All through the development of this monograph up to the present point (especially Chapters V through VIII), we have looked at various properties and characterizations, both parametric and geometric, of quasi-symmetric designs, essentially to the point of convincing ourselves that the problem of determination of all the quasi-symmetric designs is indeed a hard problem. With that background, this chapter will show us that the situation for quasi-symmetric 3-designs is more promising. This is to be expected since a derived design of a q.s. 3-design at any point is also quasi-symmetric and that gives us more information (Example 5.24). However, quite unlike the case of q.s. 2-designs, very few q.s. 3-designs seem to be known. In fact, up to complementation there are only three known examples of q.s. 3-designs with x ≠ 0. Application of the ‘polynomial method’ to this rather mysterious situation (see Cameron) is the theme of the present chapter.

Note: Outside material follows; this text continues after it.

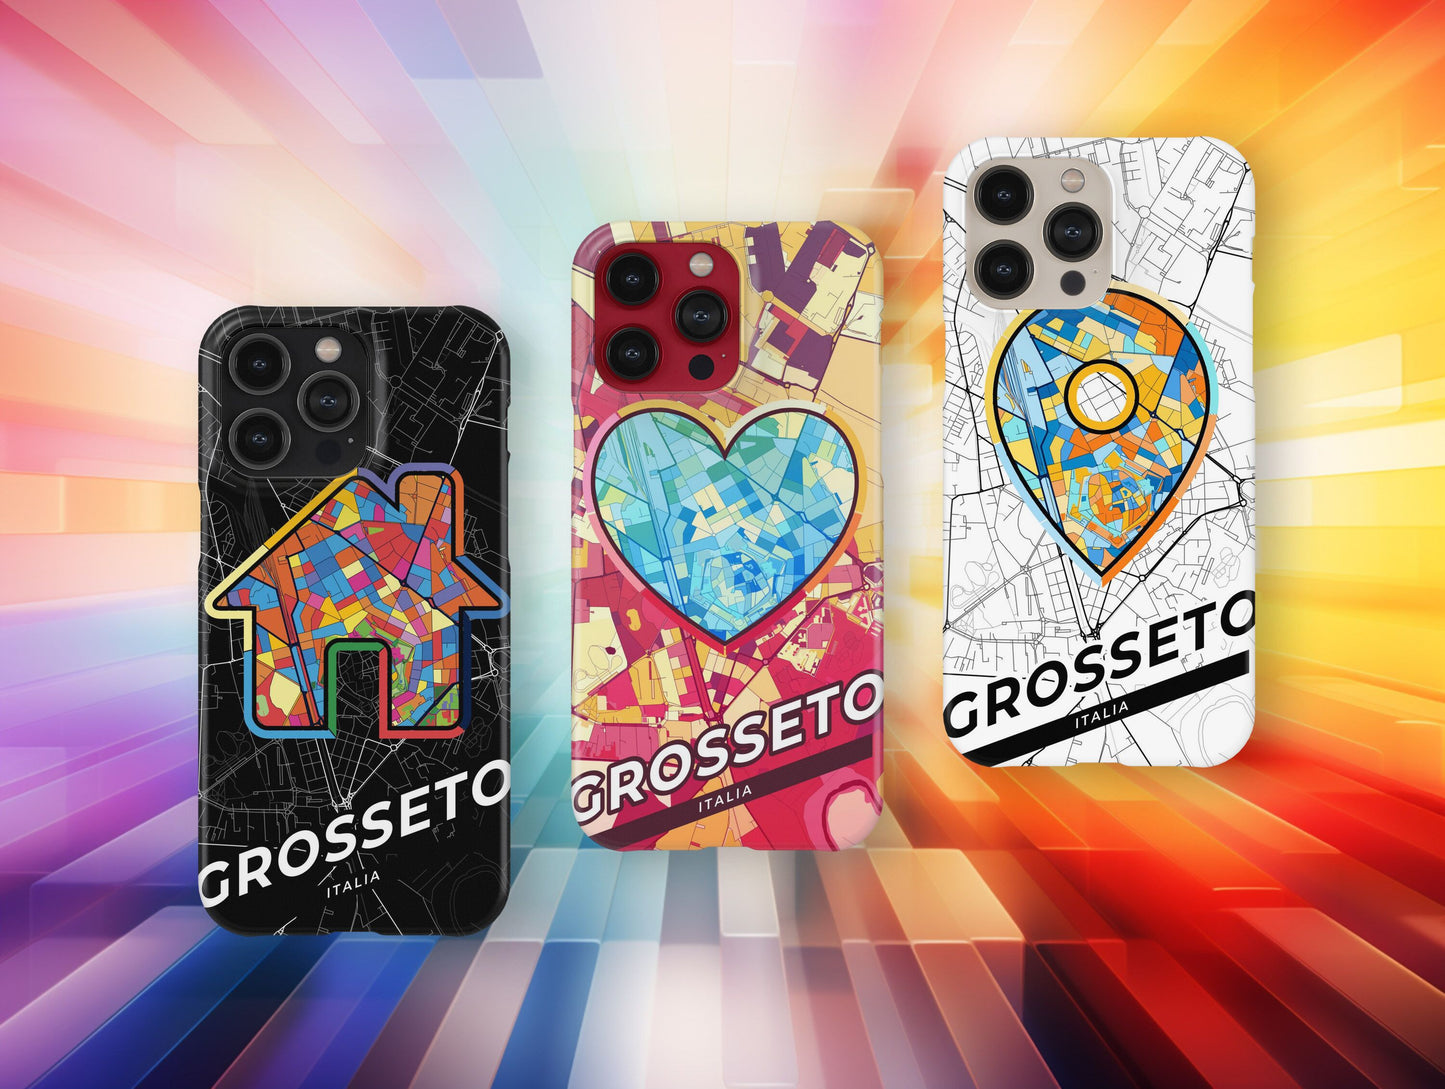 Grosseto Italy slim phone case with colorful icon. Birthday, wedding or housewarming gift. Couple match cases.

Cameron's Theorem (Theorem 1.29) has been one of the focal points of our study of q.s. designs. This is more so for q.s. 3-designs since the extensions of symmetric designs obtained in that theorem are in fact quasi-symmetric with x = 0 (and conversely). Despite its completeness, the classification given by Cameron's theorem is perhaps and unfortunately only parametric as revealed in the following discussion. A Hadamard 3-design exists if and only if a Hadamard matrix of the corresponding order exists. Hadamard matrices are conjectured to exist for every conceivable (i.e., a multiple of four) order.